Заказав себе карамельный латте, излишество, непозволительное не то что в Топке, но и на базе ПОРОКа в своё время, брюнет дождался старого друга, возвращаясь к их столику и наконец-то позволяя себе немного расслабиться, вглядываясь в знакомое лицо, почти что не тронутое временем, если не считать некой напряжённости, усугубившейся явно из-за линии работы, отведённой Ньюту.

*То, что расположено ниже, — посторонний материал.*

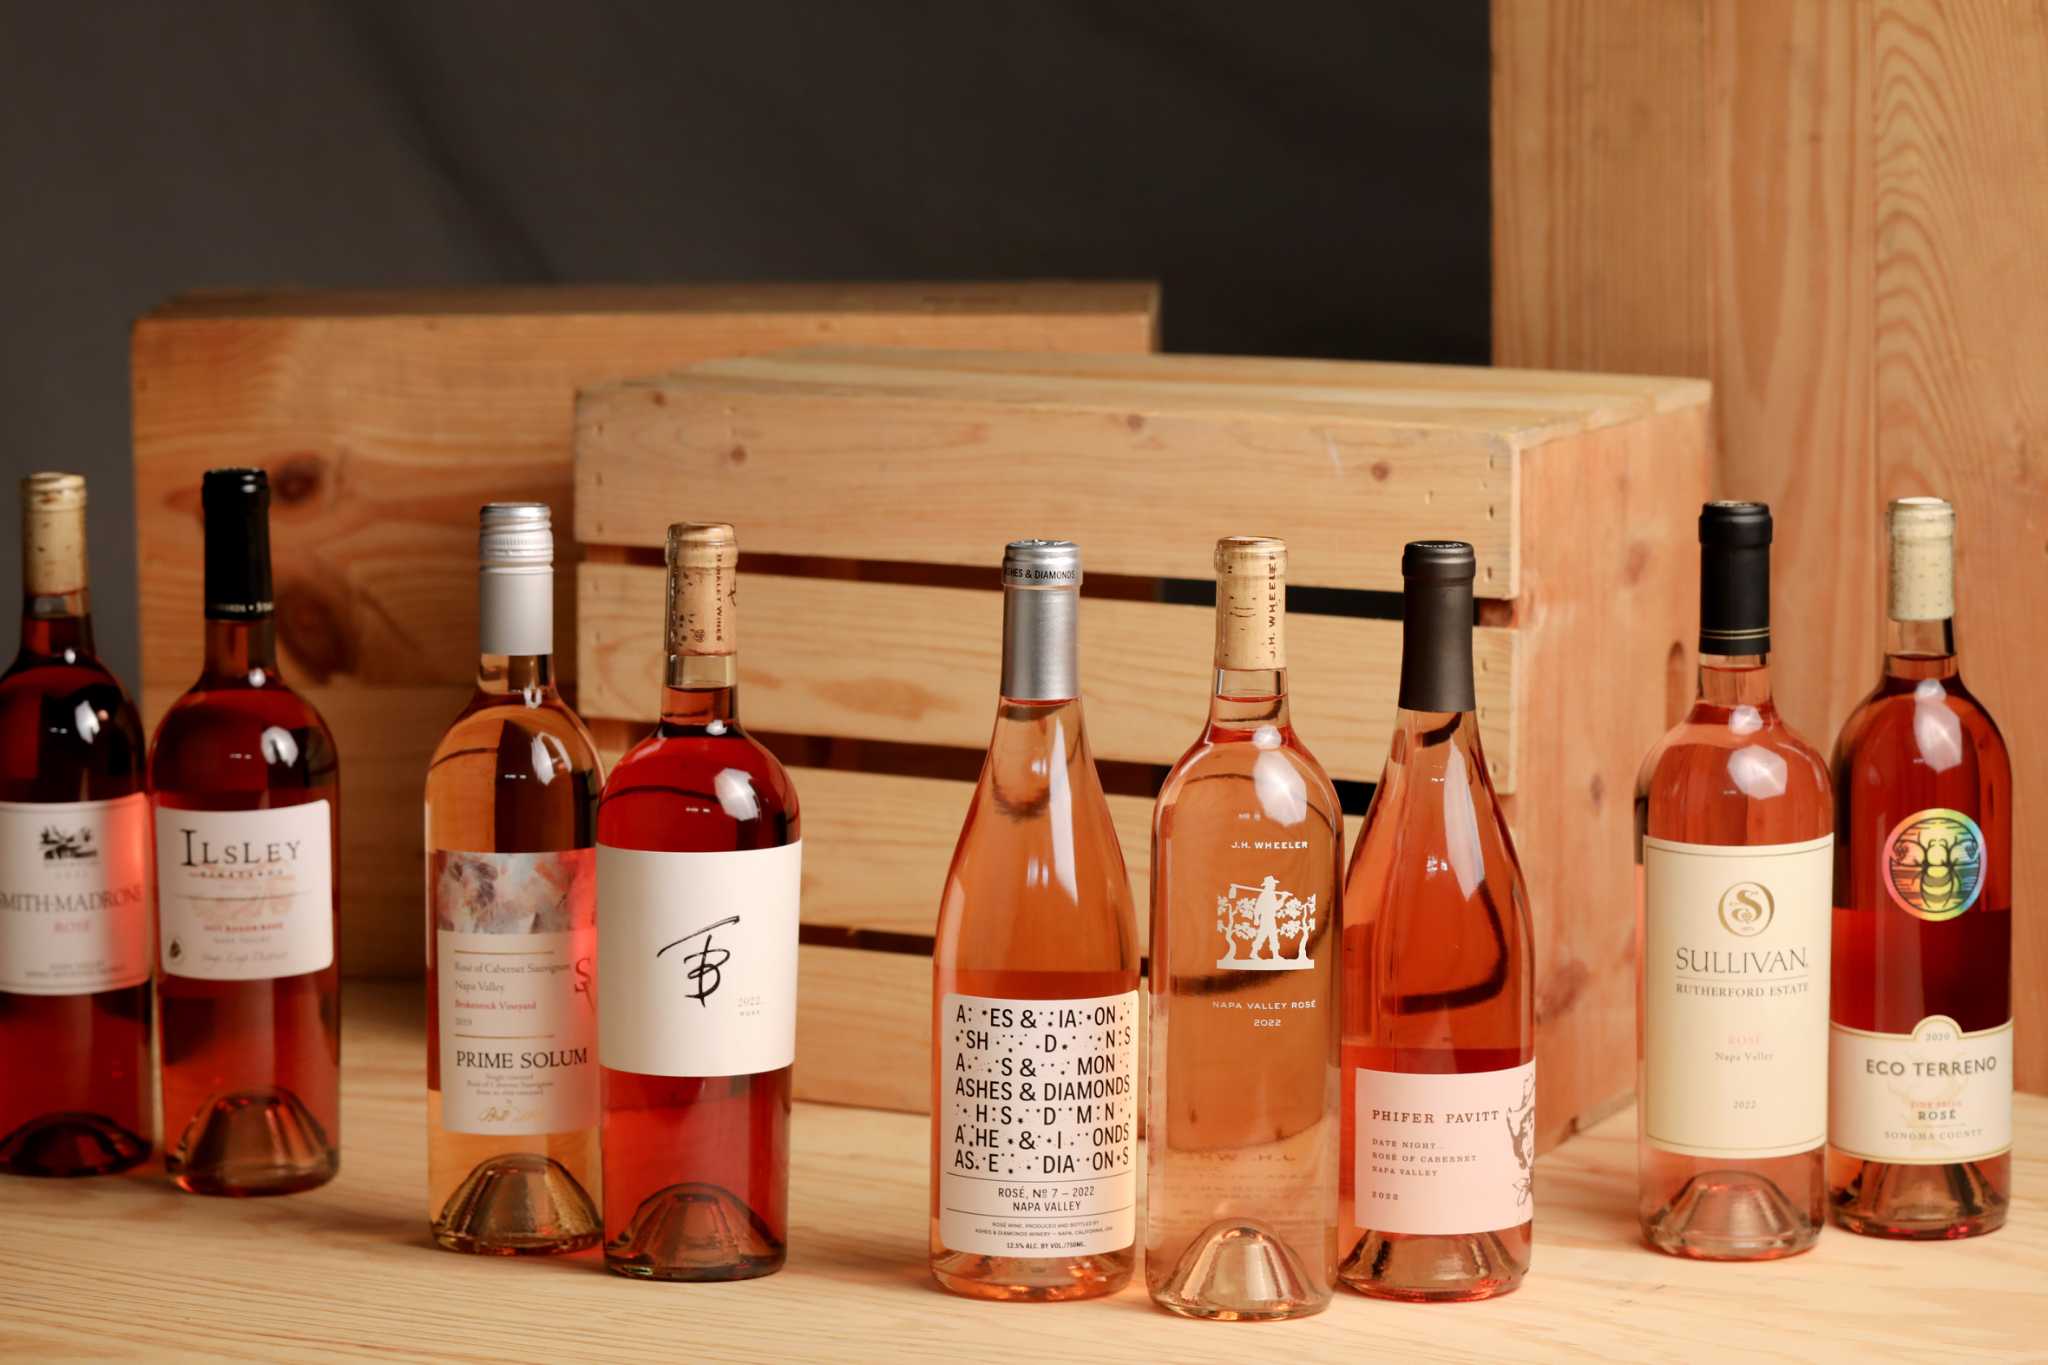 Napa's unusual, expensive rosés sell out 'instantaneously'

- Надо же, столько лет прошло, а ты всё такой же. Уверен, верни о н и тебе ту мешковатую одежду, ты вновь сойдёшь за подростка, - мягкость собственного голоса казалась поразительной и Томас делал всё, что угодно, лишь бы не анализировать это. В мире было лишь несколько человек, с кем он когда-либо разговаривал так, а потому манера казалась непривычной. - Уверен, тебе в своё время немало комплиментов досталось от крэнков перед лечением. Ты ведь этим занимался, не так ли? Вся весёлая лабораторная работа, при которой не соскучишься, и все дела? - кофе оказался невозможно сладким, но это было и к лучшему, помогая забыть чуть горький привкус их последнего поцелуя, так и не выходящего из головы, стоило только взглянуть на Ньюта. Воспоминание теперь почему-то казалось куда теплее, чем все эти годы, оно грело, даже моментами, когда холодные дрожащие пальцы скользили по горячей коже, обжигая, впечатывая ощущения в память. Сглатывая чуть шумно, Томас отвёл взгляд, переводя дыхание. Это было давно. Это было с другими версиями их самих. И у него не было совершенно никаких причин вот так наивно цепляться за это воспоминание детства, вернувшееся вместе с другом.
У него так же не было причин уходить от ответа про Топку.
Не было, но говорить об этом сейчас, прячась за встречные вопросы, решительно не хотелось.